Надеюсь, читая мой рассказ, Вы несколько развеялись и отвлеклись от утомительных обязанностей в Гааге, посему простите, что я не пишу ничего существенного.
Ваша покорная слуга
Элиза
P. S. Финансовые дела графа де Безьера в страшном расстройстве - за прошлый год он потратил четырнадцать процентов дохода на парики и тридцать семь - на проценты по долгам, в основном карточным. Типично ли это? Попытаюсь ему помочь. Того ли Вы хотели? Или Вы желаете, чтобы он оставался в стеснённых обстоятельствах?
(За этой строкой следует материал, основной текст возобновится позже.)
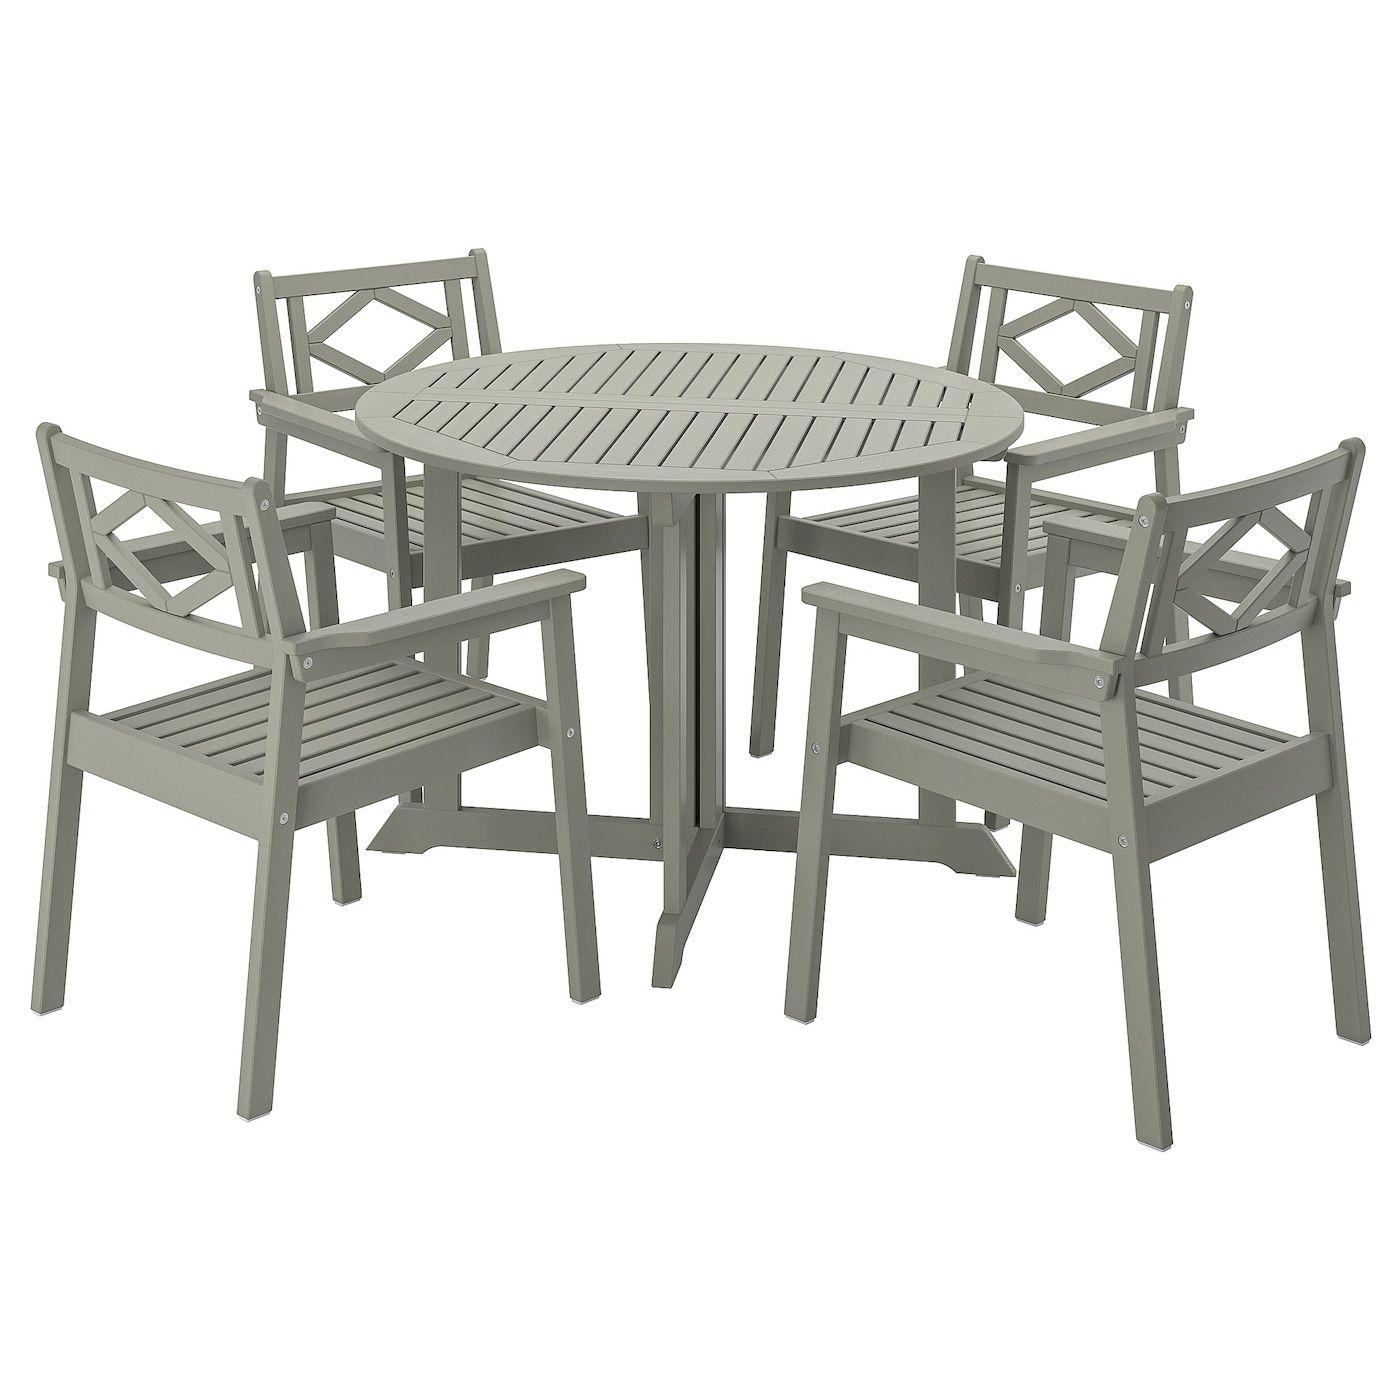 Bondholmen Tisch 4 Armlehnstuhle Aussen Grau Las Ikea Osterreich In 2020 Outdoor Dining Furniture Outdoor Furniture Sets Outdoor Dining

Язык мой тёмен, но в моих словах
Таится истина, как злато в сундуках.Джон Беньян, "Путешествие пилигрима"
Готфриду Вильгельму Лейбницу
4 августа 1685
Дорогой доктор Лейбниц,
Начальная трудность сопутствует всякому новому предприятию, и мой приезд в Версаль не стал исключением. Я благодарю Бога, что провела несколько лет в серале константинопольского дворца Топкапы, где обучалась роли султанской наложницы, ибо ничто иное не подготовило бы меня к Версалю. В отличие от Версаля султанский дворец рос без единого плана и снаружи представляется случайным нагромождением минаретов и куполов. Однако изнутри оба дворца одинаковы; множество тесных комнатёнок без окон, выгороженных из других комнат. Разумеется, таков дворец глазами мышонка: как я никогда не была в сводчатом чертоге, где турецкий султан лишает невинности своих невольниц, так мне не довелось вступить в Салон Аполлона и узреть Короля-Солнце во всём его великолепии. В обоих дворцах я видела лишь чуланы, подвалы и чердаки, где ютятся придворные.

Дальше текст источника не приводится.